Avec les référents qui évaluent la gravité de la situations, et des personnes qui œuvrent autour d’Alma, nous avons la plupart du temps la capacité de traiter le problème, d’aider l’appelant à entrevoir des possibilités de sortir de l’engrenage dans lesquels les faits rapportés apparaissent comme des révélateurs, la partie « émergeante de l’iceberg ». …

Marie-Thérèse, fille d’Alice nous écrit

(Extraits de la Lettre d’Alma 81, N° 7 Septembre 2001)

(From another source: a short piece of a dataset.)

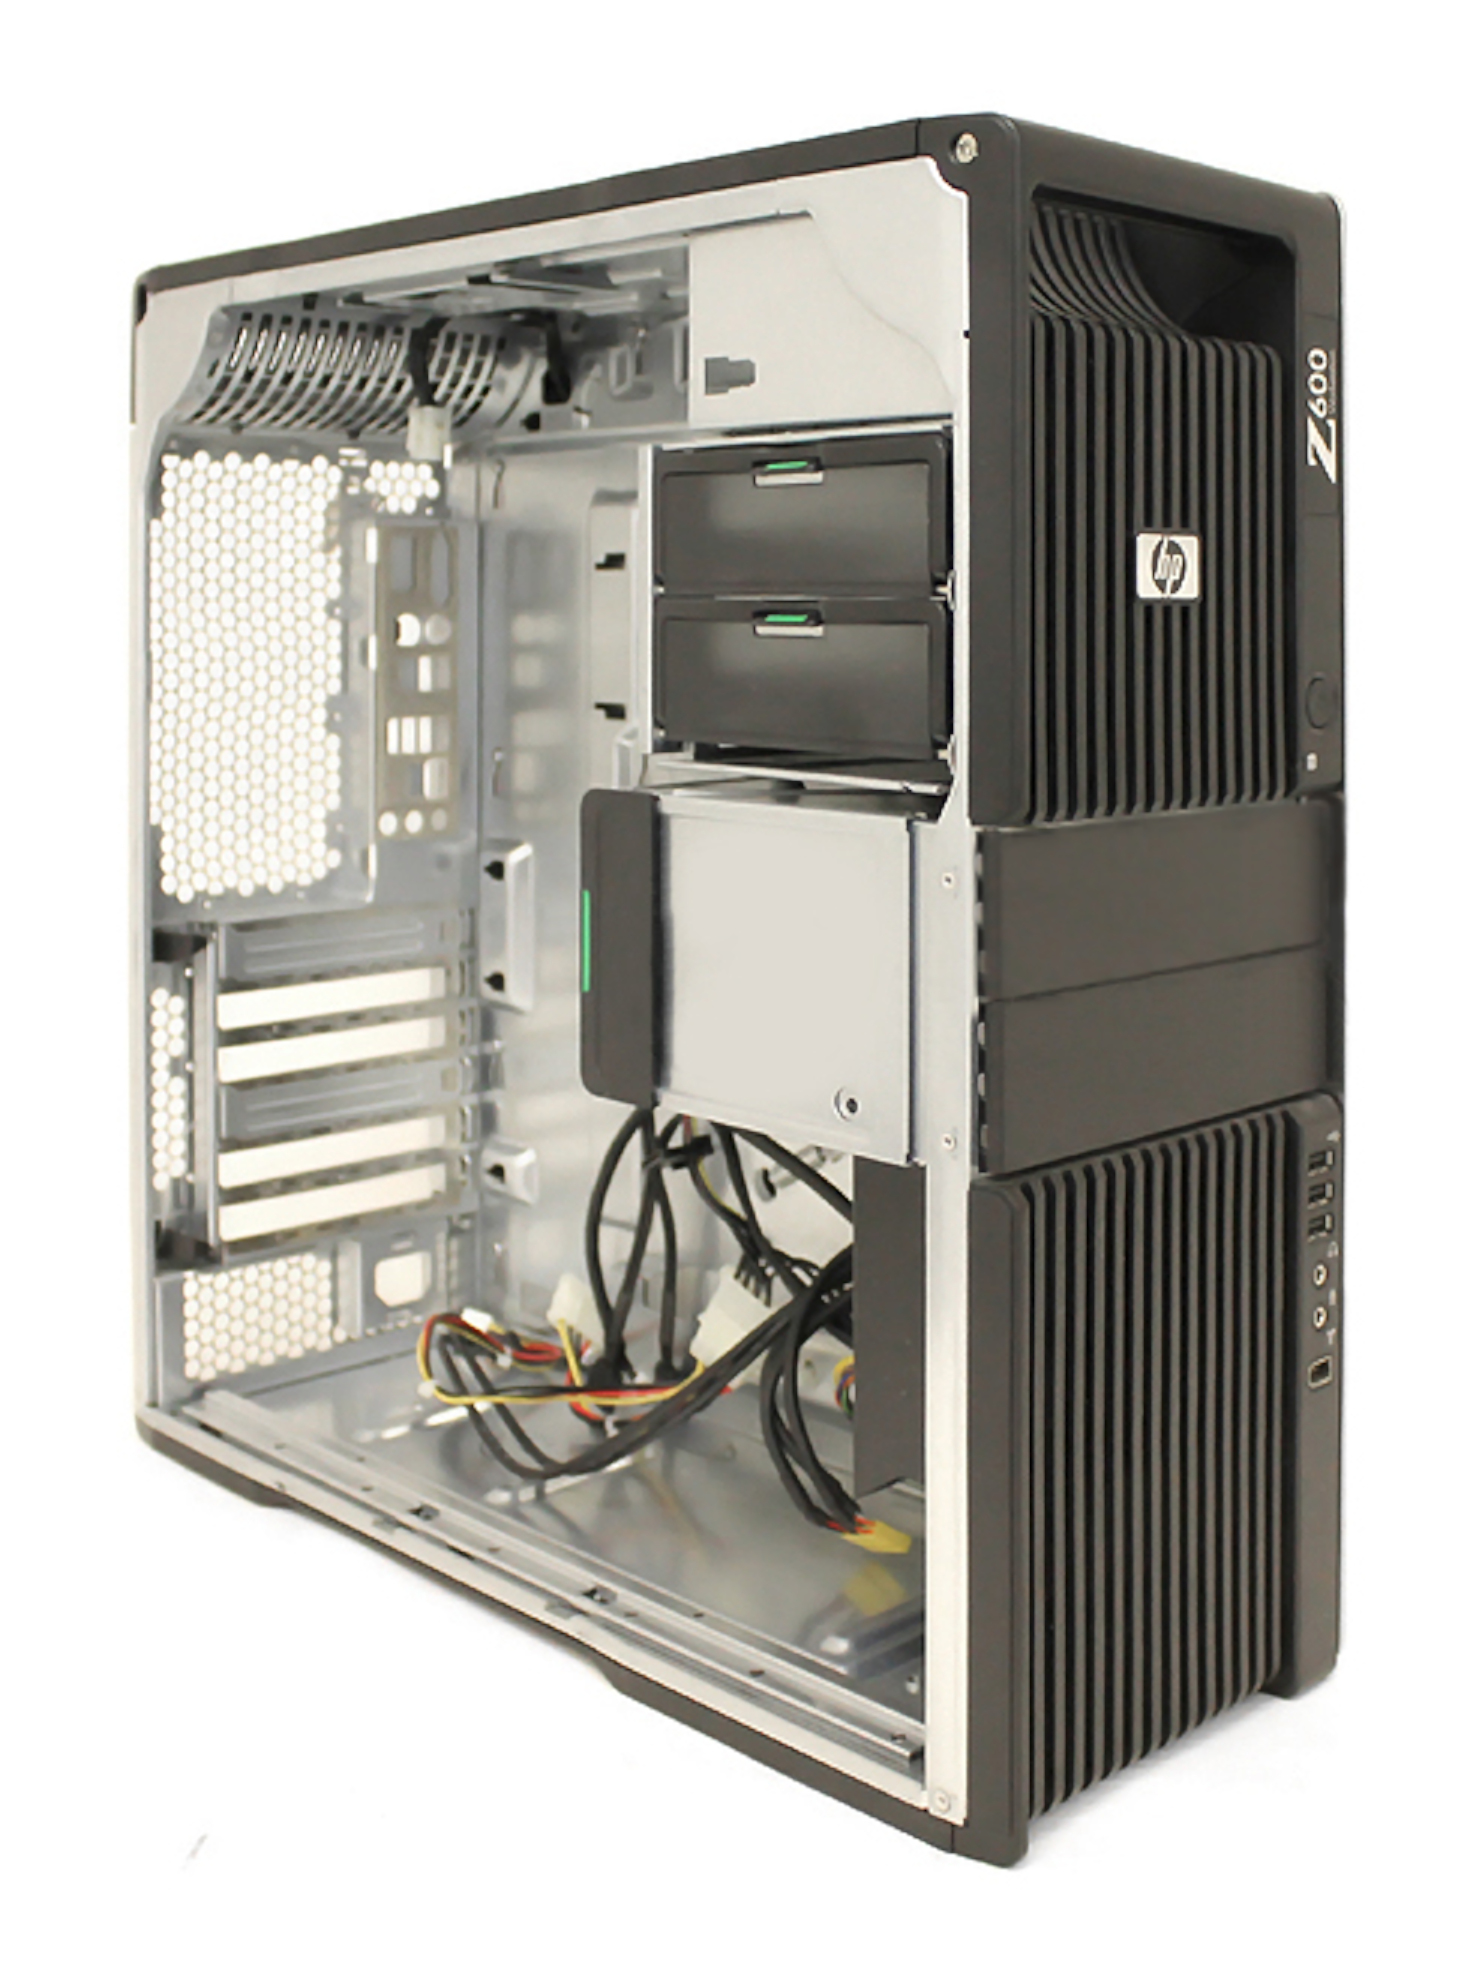 HP Z600 Workstation Case Chassis Barebone Internal Cables + PSU 650W 468624-002

« Je vous écris pour vous faire savoir comme Maman a vécu à la maison de retraite … Elle y est rentrée le 26 juin 2000 ; autonome, pleine d’humour, attachante. Notre mère n’était nullement abandonnée : je lui téléphonais tous les matins. Deux mois après, l’infirmière en chef, qui savait que nous venions voir Maman, m’a téléphoné, pour me dire que nous ne soyons pas choqués mais que notre mère, n’était pas la même personne que nous leur avions confiée. Lorsque nous avons revu Maman, je l’ai retrouvée sur un fauteuil roulant, des couches jour et nuit, ne mangeant plus seule … // … le 28 juin 2001, le directeur m’annonce son décès …// … Ma mère avait choisi d’entrer en maison de retraite … je me culpabilise beaucoup de ne pas avoir cru ce qu’elle me disait … »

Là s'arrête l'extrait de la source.